Blockchain technology for trust establishment and smart contract . As mentioned in the previous section, how to establish “trust” among organizations is essential to connect different partners in manufacturing SC systems under Industry 4.0. However, a notable extension of blockchain is Ethereum smart contract, which provides mechanisms for secure computation between entities that do not trust each other (NSERC-Strategic-Gong, 2018). Blockchain technology's ability to provide trusted consensus and data processing generates interest in potential supply chain applications, such as multiple domains of SCM (Kamble et al., 2019a , 2019b ) and a scheduling control methodology to blockchain-oriented smart contract design (Dolgui et al., 2019 ). Nevertheless, the application of blockchain to SCM is still in its early stages (Saberi et al., 2019 ).

Distributed manufacturing and supply chains with 3D printing . 3D printing will change the supply network by transferring centralized to distributed manufacturing and affect logistics by shopping raw materials for 3D printing, instead of parts. With the supply network, the manufacturer also will postpone finished goods production and affect the inventory strategy. However, our reviews on active projects and literature found that most current research focuses on materials and manufacturing process of the 3D printing and little research study the relationship between 3D printing and supply networks, logistics and other drivers of supply chains.

Modeling and algorithms for planning and scheduling of complex supply chain system . The connected manufacturing system and SC under Industry 4.0 can be very complex and also geographically dispersed. To make the system work efficiently, the decisions on different levels should be made timely and efficiently. Modeling, optimization and simulation approaches can be effective tools to achieve the goal. Theory and algorithm for control and optimization, and modeling and simulation are two of ten technical gaps identified in AMP 2.0 (AMP2. 0 , 2014 ). Several desired and promising topics include: (a) Algorithms for a dynamic and short-term schedule : the network may have dynamic structures that evolve over time. (b) Data-driven modeling and algorithms : how to incorporate the tremendous trove of data of supply chains into optimization models for better decisions. The stochastic and robust optimization models can be a tool for the incorporation. (c) Design of tailored decomposition algorithms : the integrated problem is usually large scale and might be computationally intractable with general purpose optimization solvers. Using the problem features and developing iterative data-driven solution methods with decomposition approaches will be promising. (d) Integration of optimization with machine learning . Machine learning is a promising method for data analysis to determine parameters, forecast demand, and detect future risks.

Data-driven self-organizing smart supply chains . The supply chain is one of the largest sources of big data for global companies (DHL, 2016 ). One topic is to study dynamic and self-organizing configuration of the supply network with industry IoT and cloud computing (Ivanov, Dolgui, et al., 2019 ; Ivanov, Tsipoulanidis, et al., 2019 ). The problem involved is how to quickly establish and reconfigure a supply network based on the available real-time information, such as capacity, inventory, and lead time of parts/materials either in potential suppliers or in other facilities (connected factories), to produce a new product or when the original supply network is interrupted. Resiliency and sustainability of supply chains also should be considered.
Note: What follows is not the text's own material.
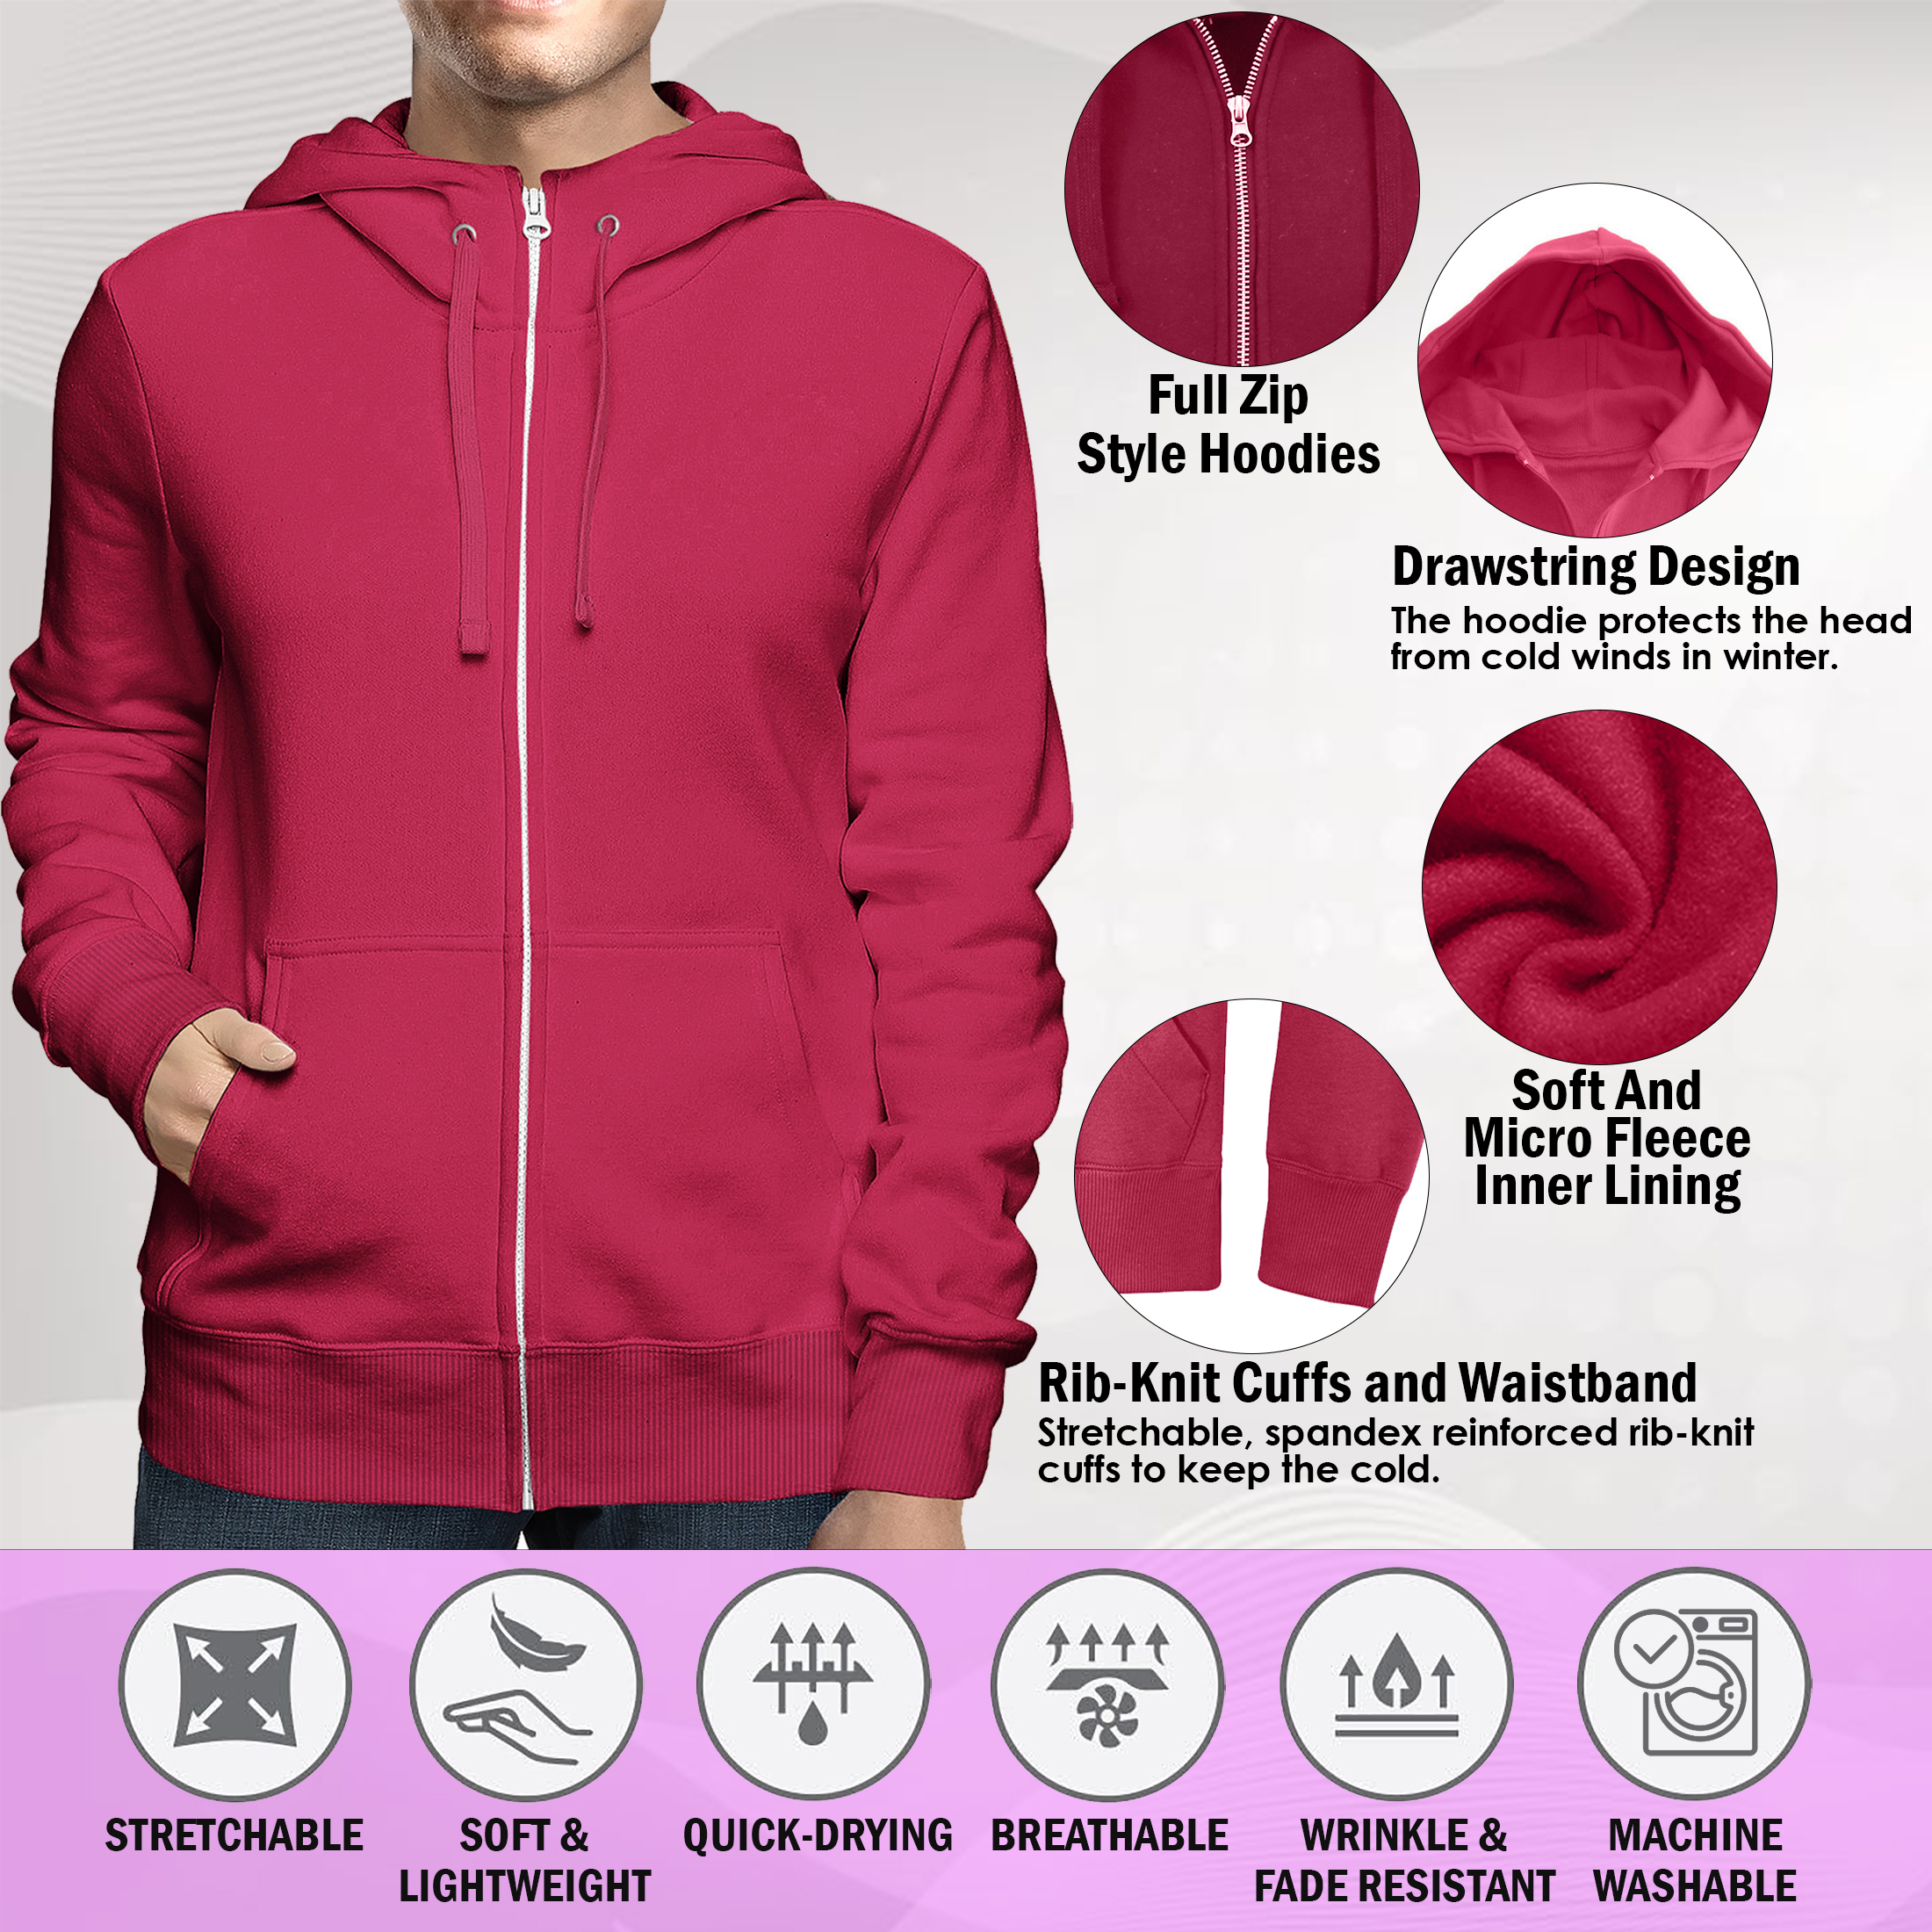 2-Pack: Men's Full Zip Up Fleece-Lined Hoodie Sweatshirt (Big & Tall Size Available) - Gray & Timberland, Medium

Smart supply chain engineering . It mainly studies the design and physical implementation of data-driven, IoT connected supply network with a focus on the technical aspect and infrastructure in supply chains and integration with smart manufacturing. The design of a SSC under Industry 4.0 needs to consider how to connect IoT enabled objects, cyber-physical systems, cloud computing under different stages and develop related infrastructure to improve supply chain visibility, responsiveness and efficiency, e.g., RFID/sensor based containers, automated warehouse, smart factory, and intelligent logistics, and the infrastructure to integrate those units at different levels of the whole supply chain (NSERC-CRD-Zhang, 2018, Sundarakani et al., 2019 , Kamble et al., 2019a , 2019b ).

Smart automated warehouse . Warehouse or distribution center exists at every stage of a supply chain. Three potential research directions include: (a) increase the visibility, traceability, and integrations of the material handling process and logistics by using IoT and related warehouse management system; (b) study new layout and operation strategies for automated warehouse systems with robots, such as class based or randomized policy, and develop optimization models and intelligent algorithms, usually large scale mix integer programming models; and (c) study the emerging dual-channel warehouse and develop an integrated distribution network to satisfy omnichannel demand by analyzing demand data from different channels.

8 Conclusions

Smart supply chain management under Industry 4.0 has become an important research topic. The national policies, and increased published papers confirm the trend. In this paper, we present an integrated method to reveal the current major research effort, research opportunities and challenges, and future research direction by introducing national strategies in North America and reviewing active research project and literature. Our reviews show the importance to apply the emerging ICTs into supply chains is well recognized, but the application and related research are still in an early stage, especially for small and medium enterprises.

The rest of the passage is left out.